**What you are asked to do**
Among the entries below, find the line with "LG gram-light-slim-portability." and the line with "Children and Animals". Return exactly those lines and every line between them, but no pictures.

**Listed records**

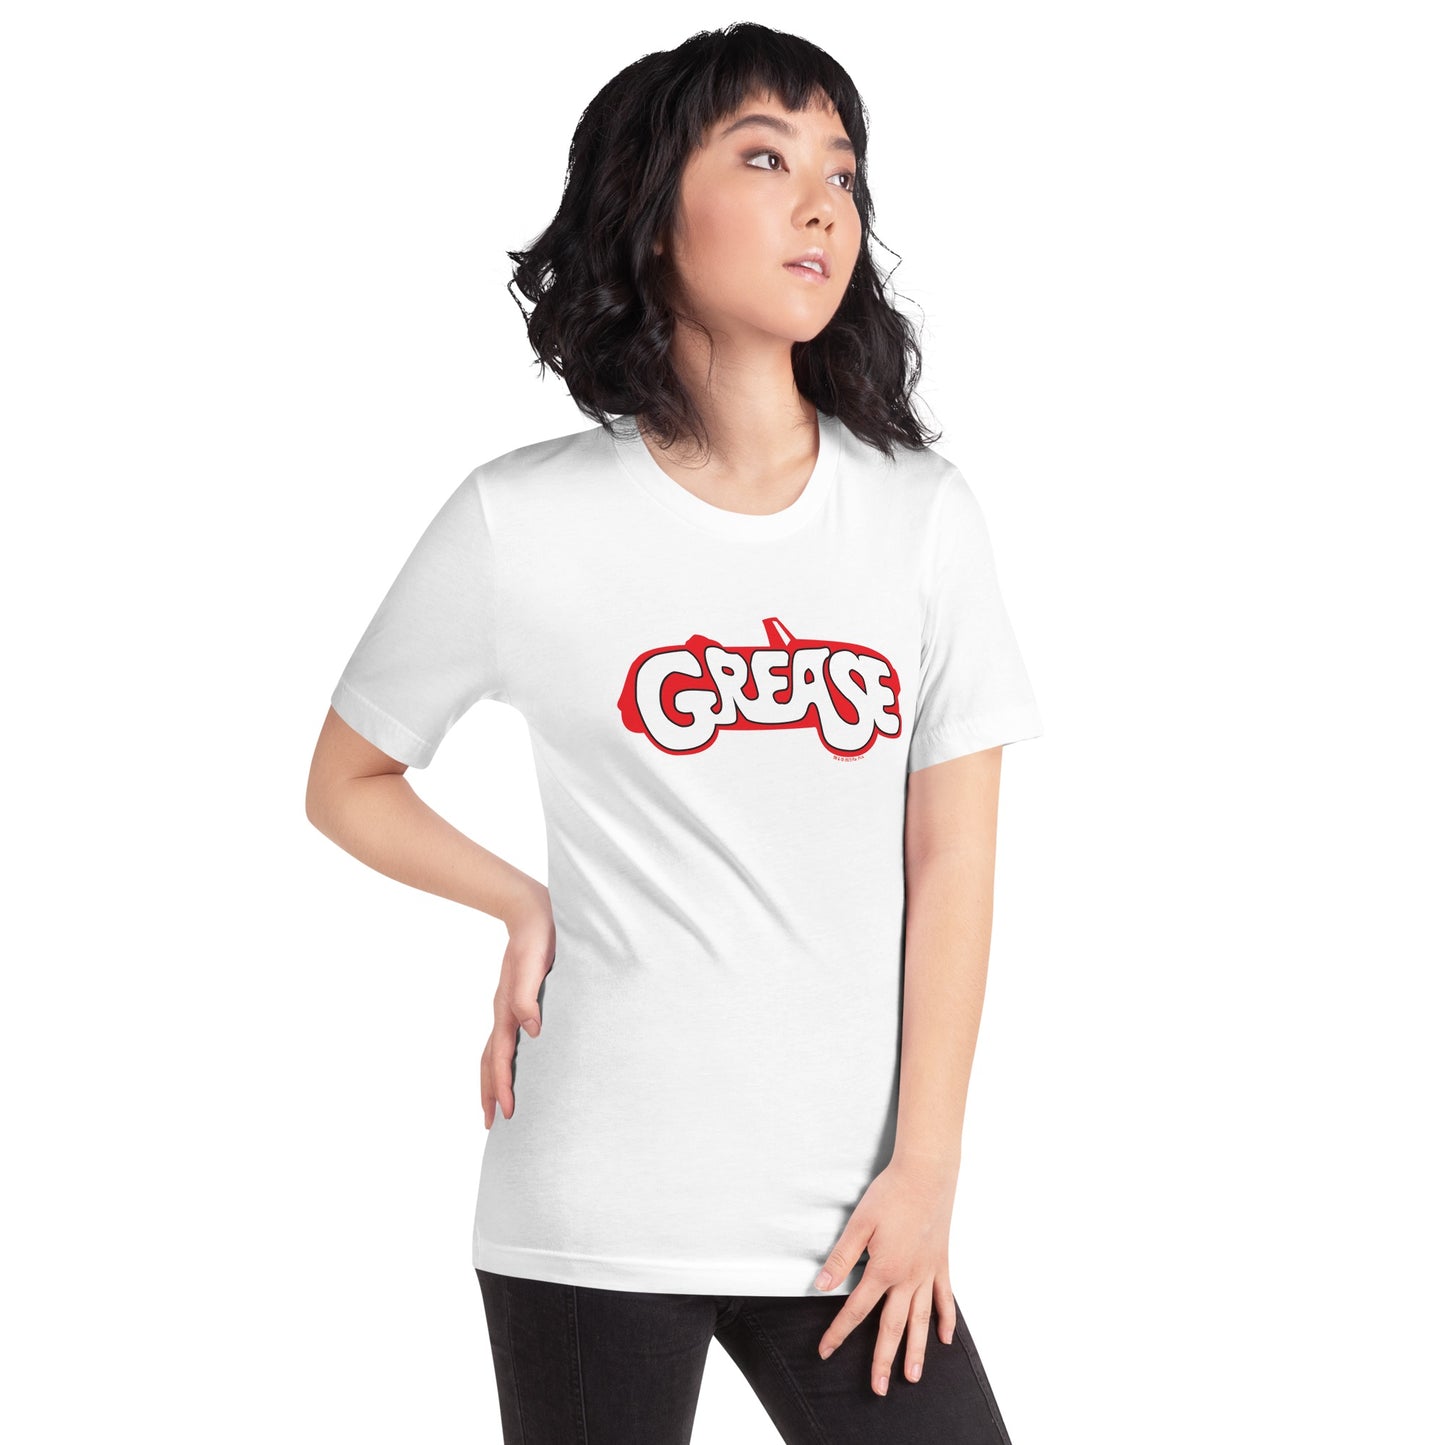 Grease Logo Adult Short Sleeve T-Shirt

...

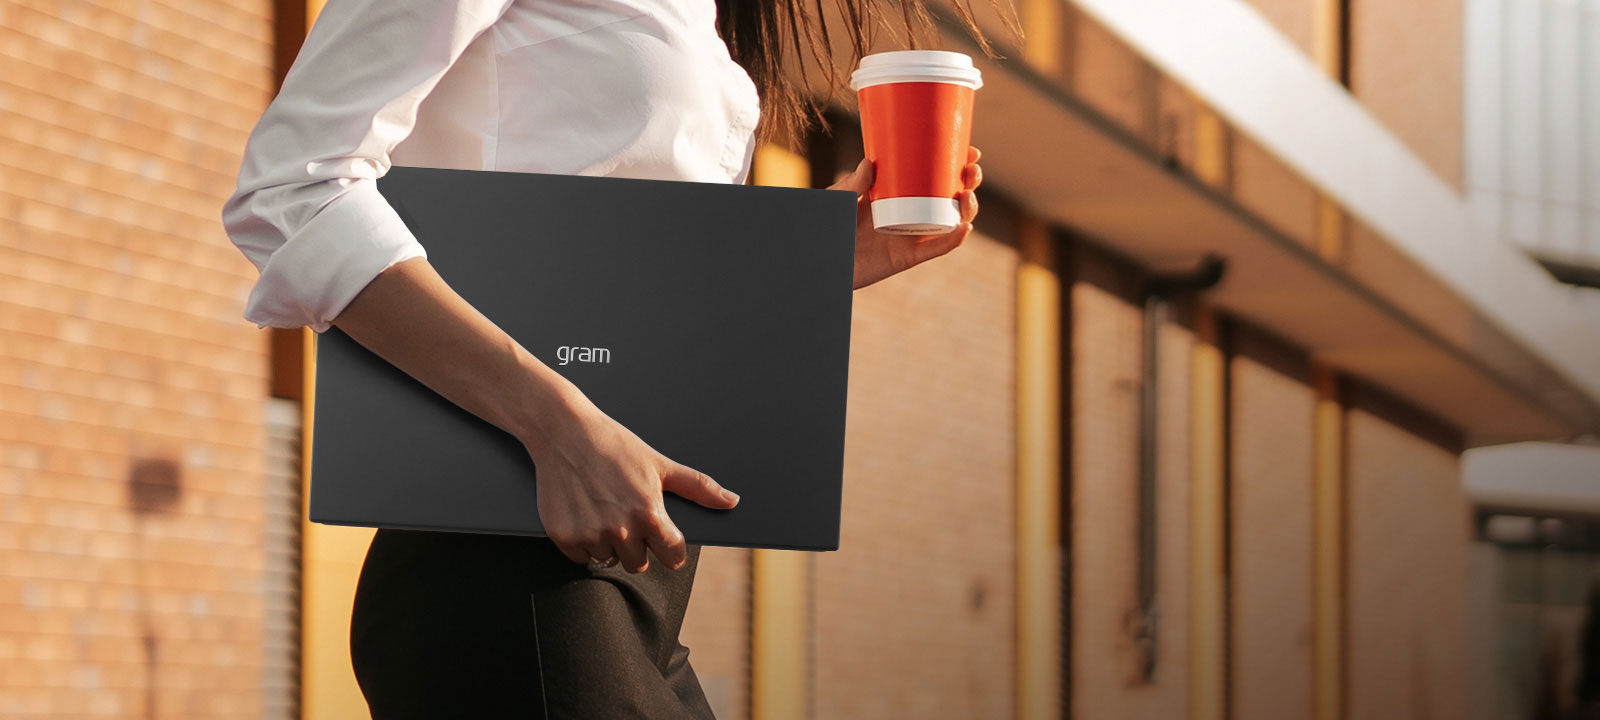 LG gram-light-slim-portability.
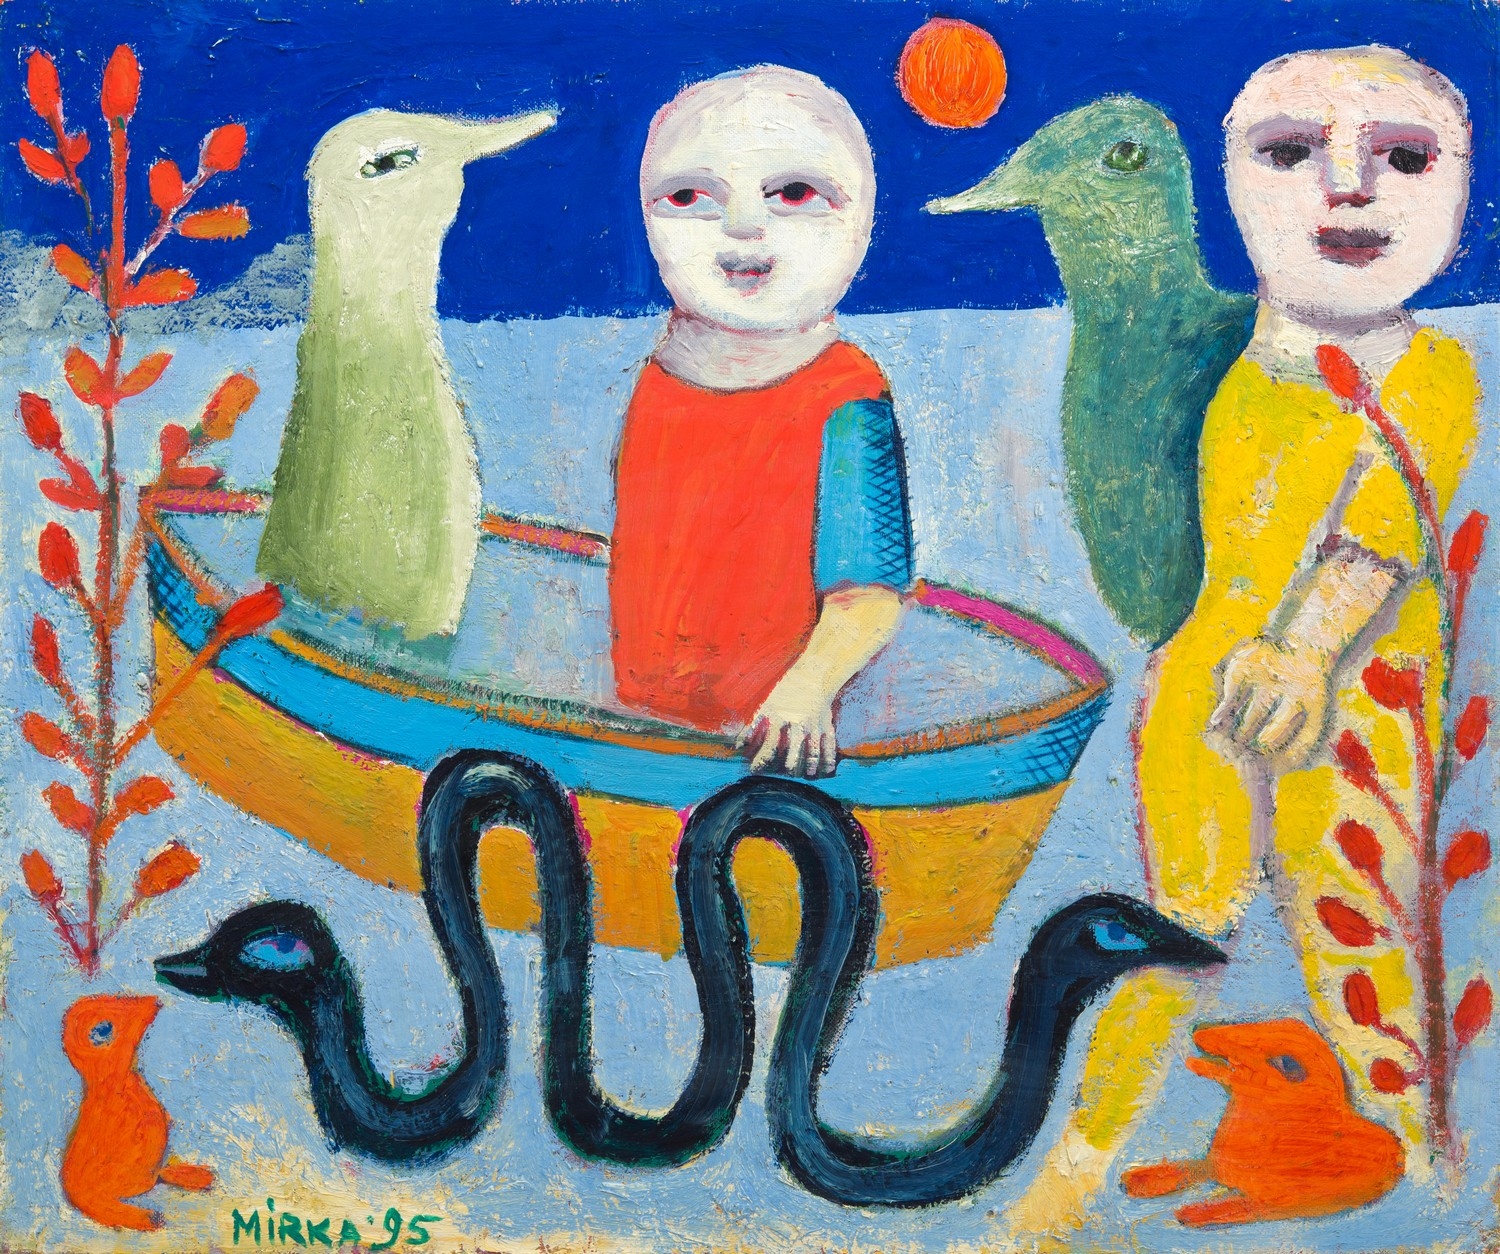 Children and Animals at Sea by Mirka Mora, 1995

**Task solution**
 LG gram-light-slim-portability.
 Children and Animals at Sea by Mirka Mora, 1995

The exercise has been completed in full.